Supplied records START

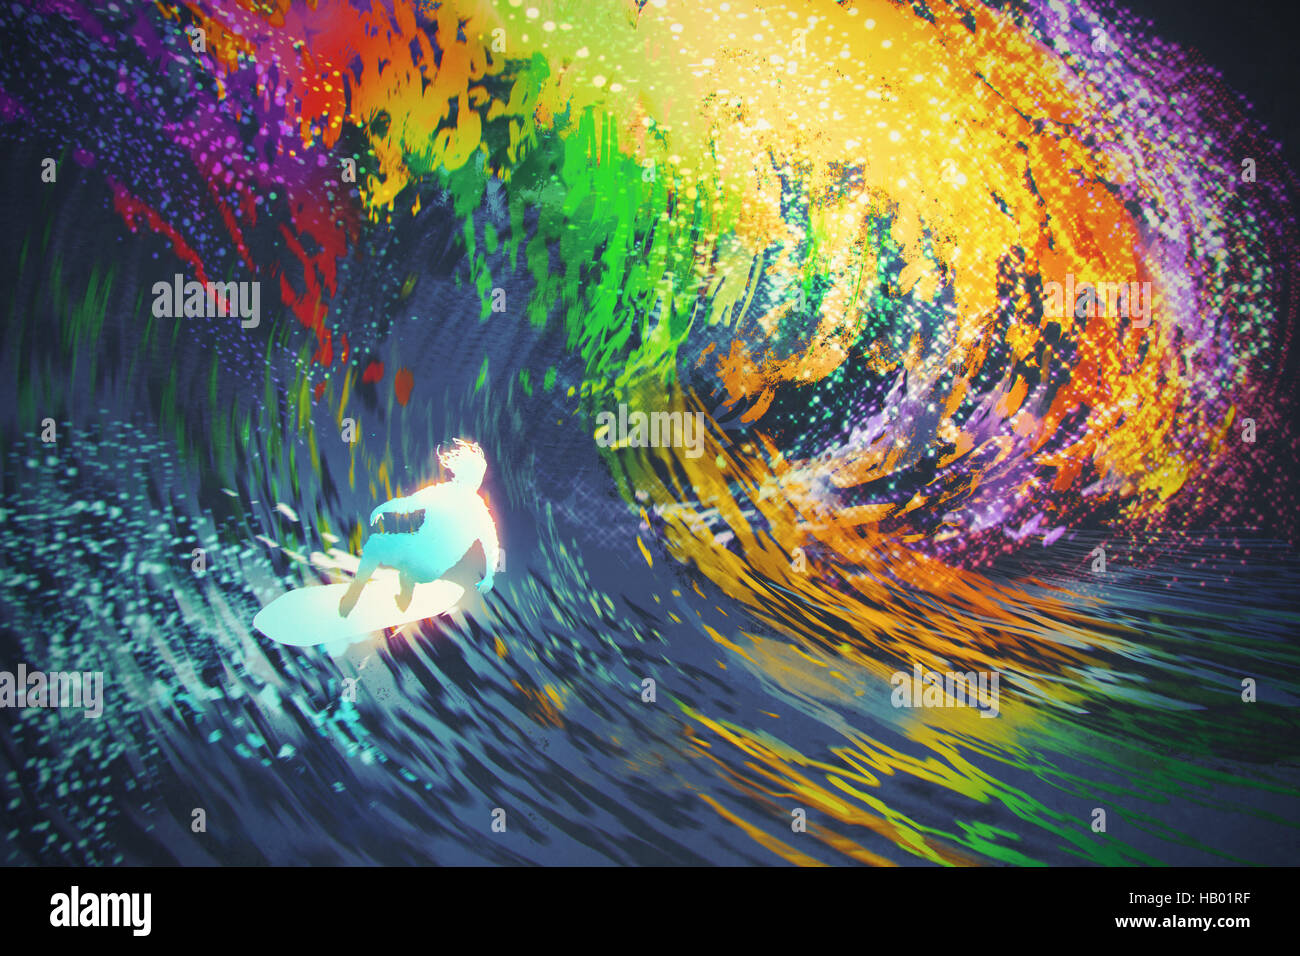 extreme surfer rides a colorful ocean wave,illustration painting Stock Photo
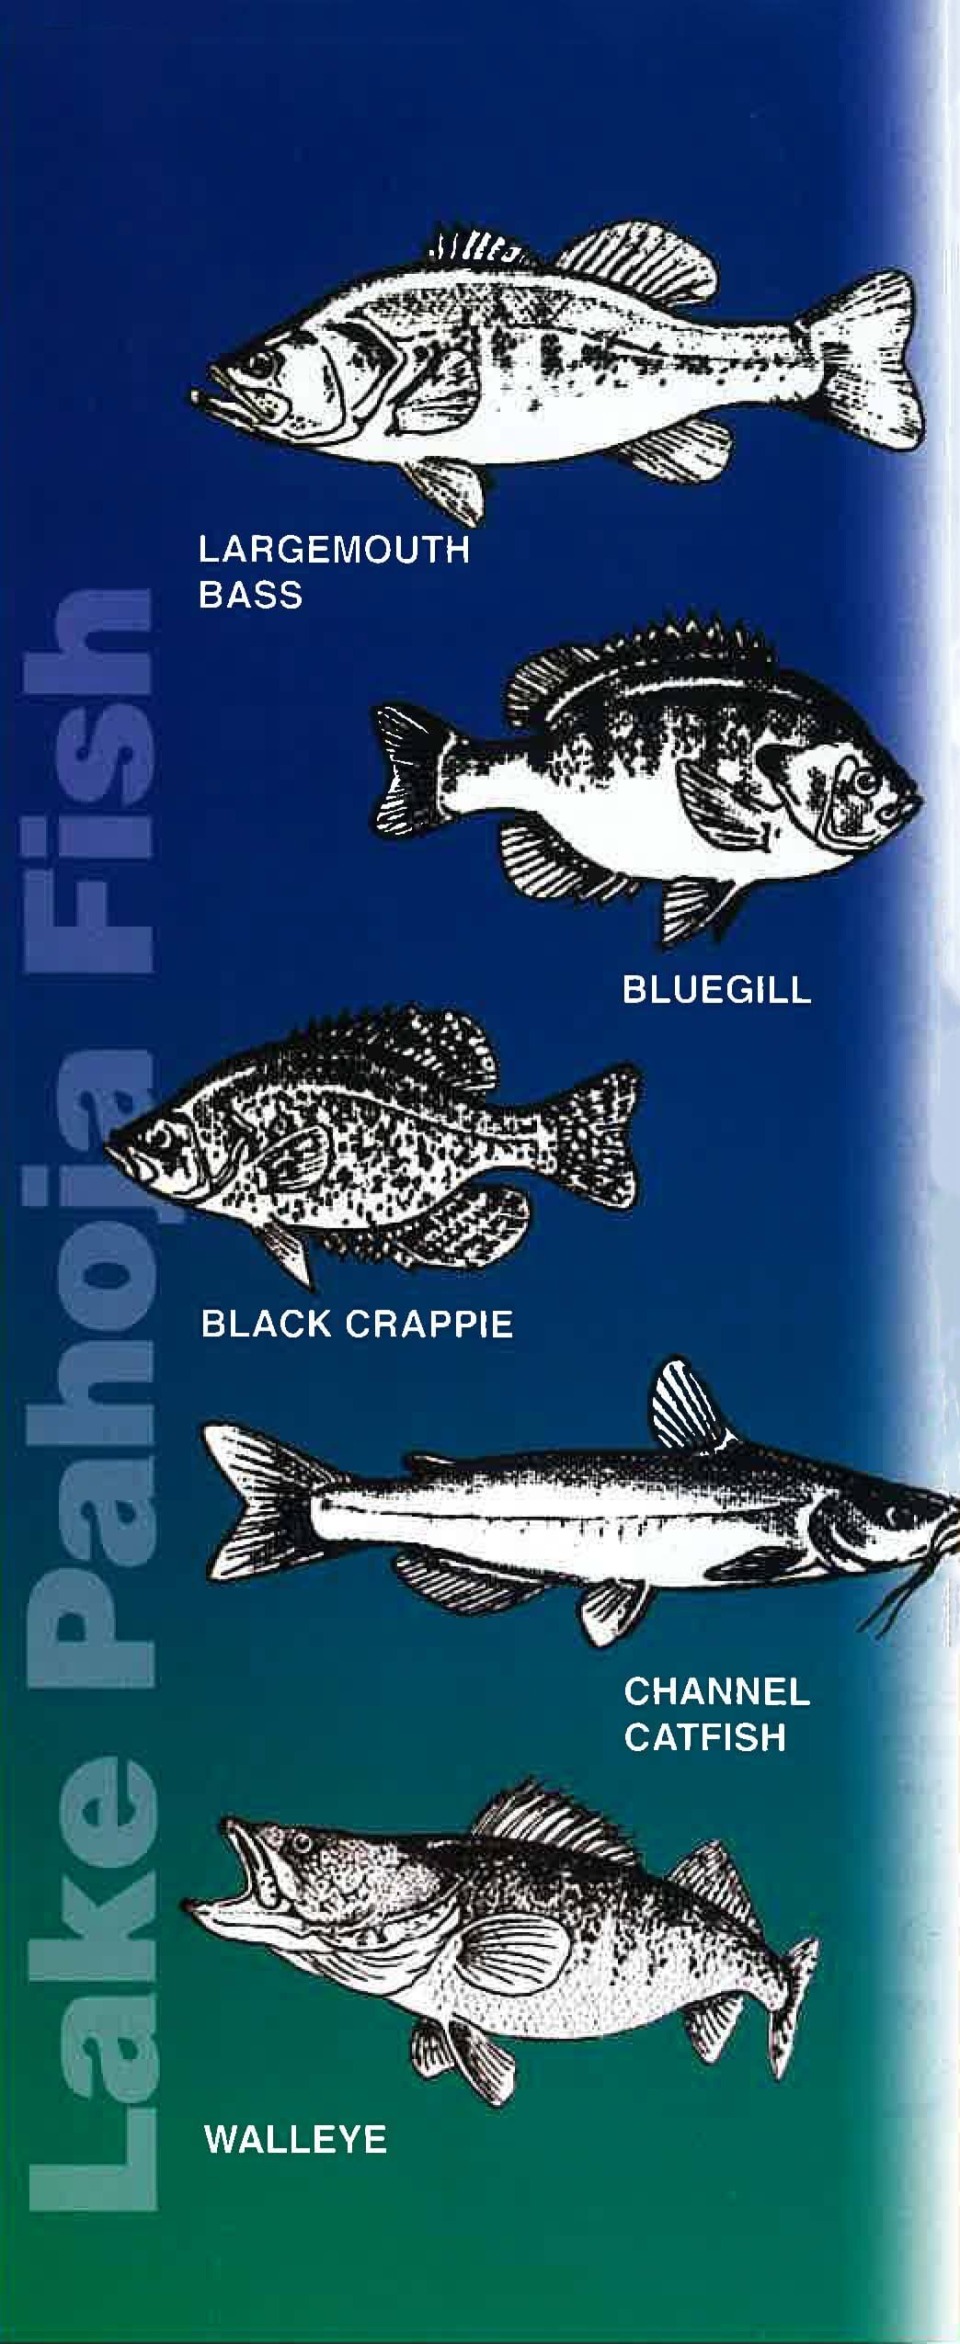 A list of fish in Lake Pahoja: largemouth bass, bluegill, black crappie, yellow perch, channel catfish, black bullhead, and white amur.
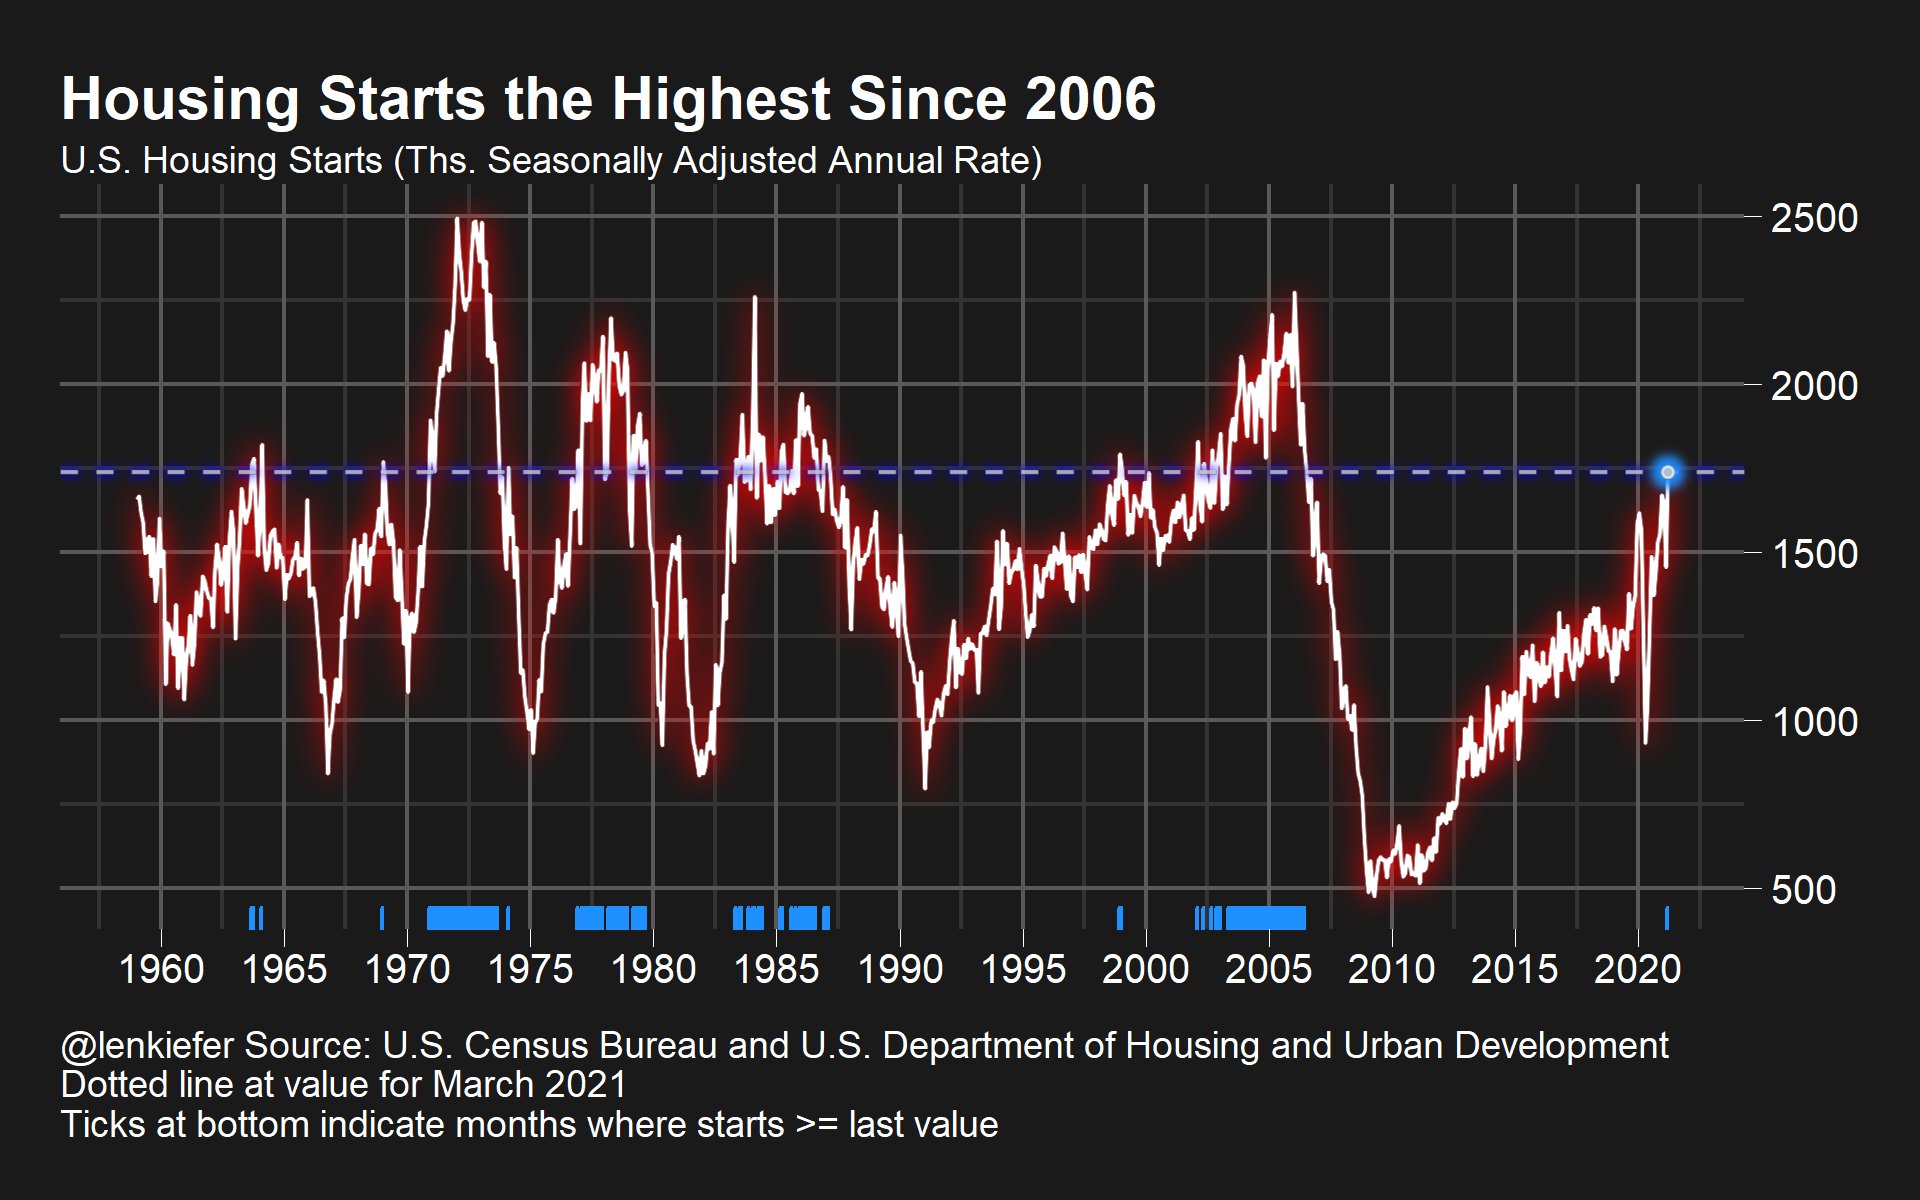 Time series US housing starts
March 2021 highest since 2006
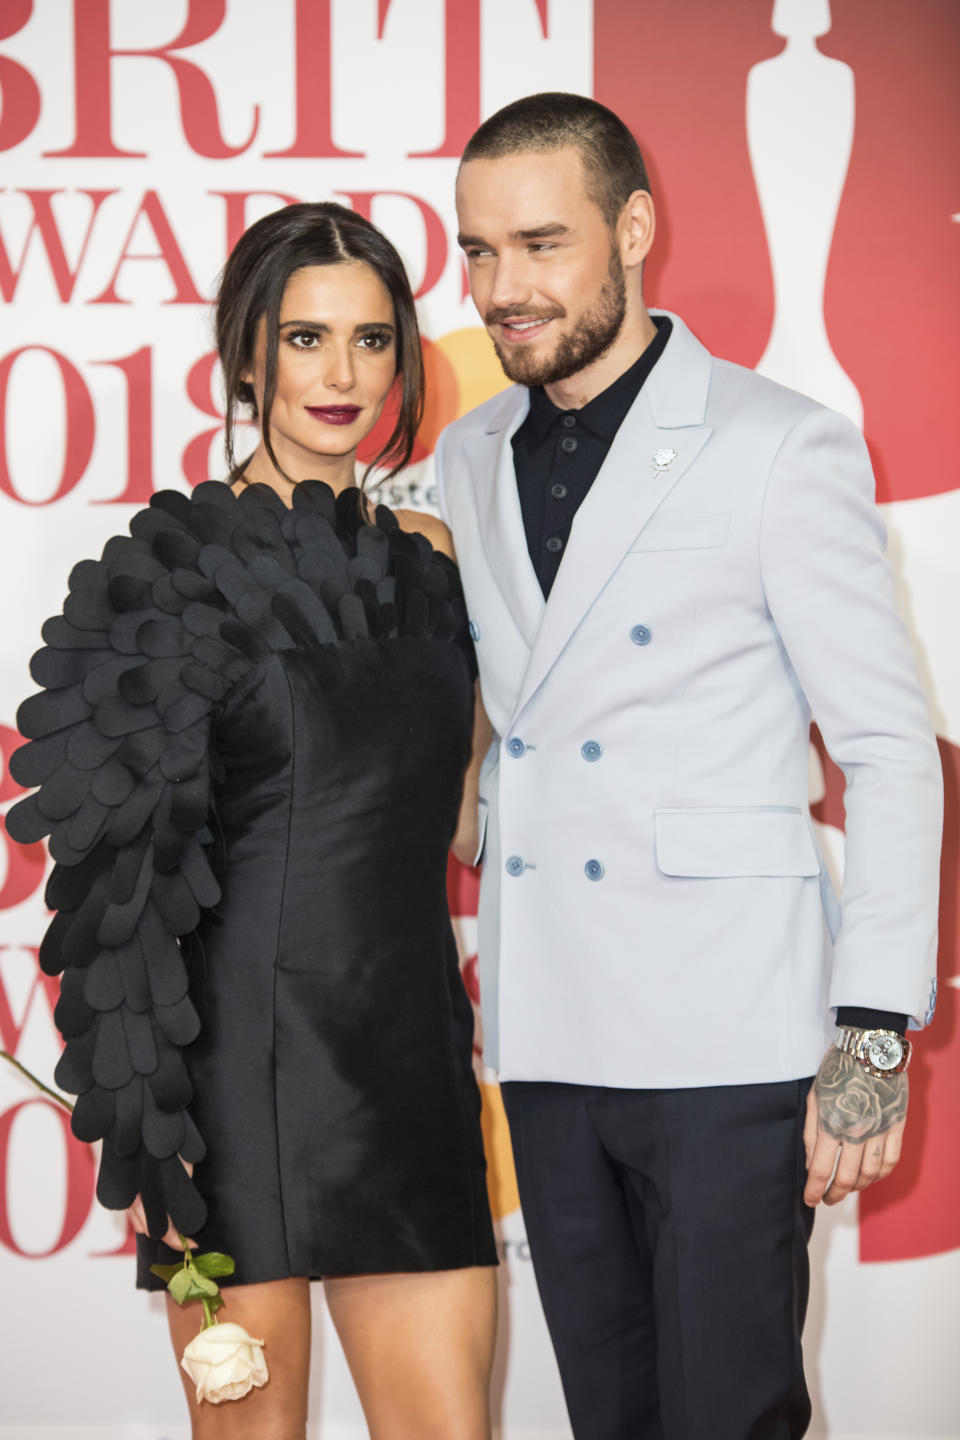 Singers Cheryl, left, and Liam Payne pose for photographers upon arrival at the Brit Awards 2018 in London, Wednesday, Feb. 21, 2018. (Photo by Vianney Le Caer/Invision/AP)

Supplied records END

* Work required: Nothing but the lines from the one that contains "A list of fish" through the last line of the material should be written out, exactly. Omit pictures.

* Task solution:
 A list of fish in Lake Pahoja: largemouth bass, bluegill, black crappie, yellow perch, channel catfish, black bullhead, and white amur.
 Time series US housing starts
March 2021 highest since 2006
 Singers Cheryl, left, and Liam Payne pose for photographers upon arrival at the Brit Awards 2018 in London, Wednesday, Feb. 21, 2018. (Photo by Vianney Le Caer/Invision/AP)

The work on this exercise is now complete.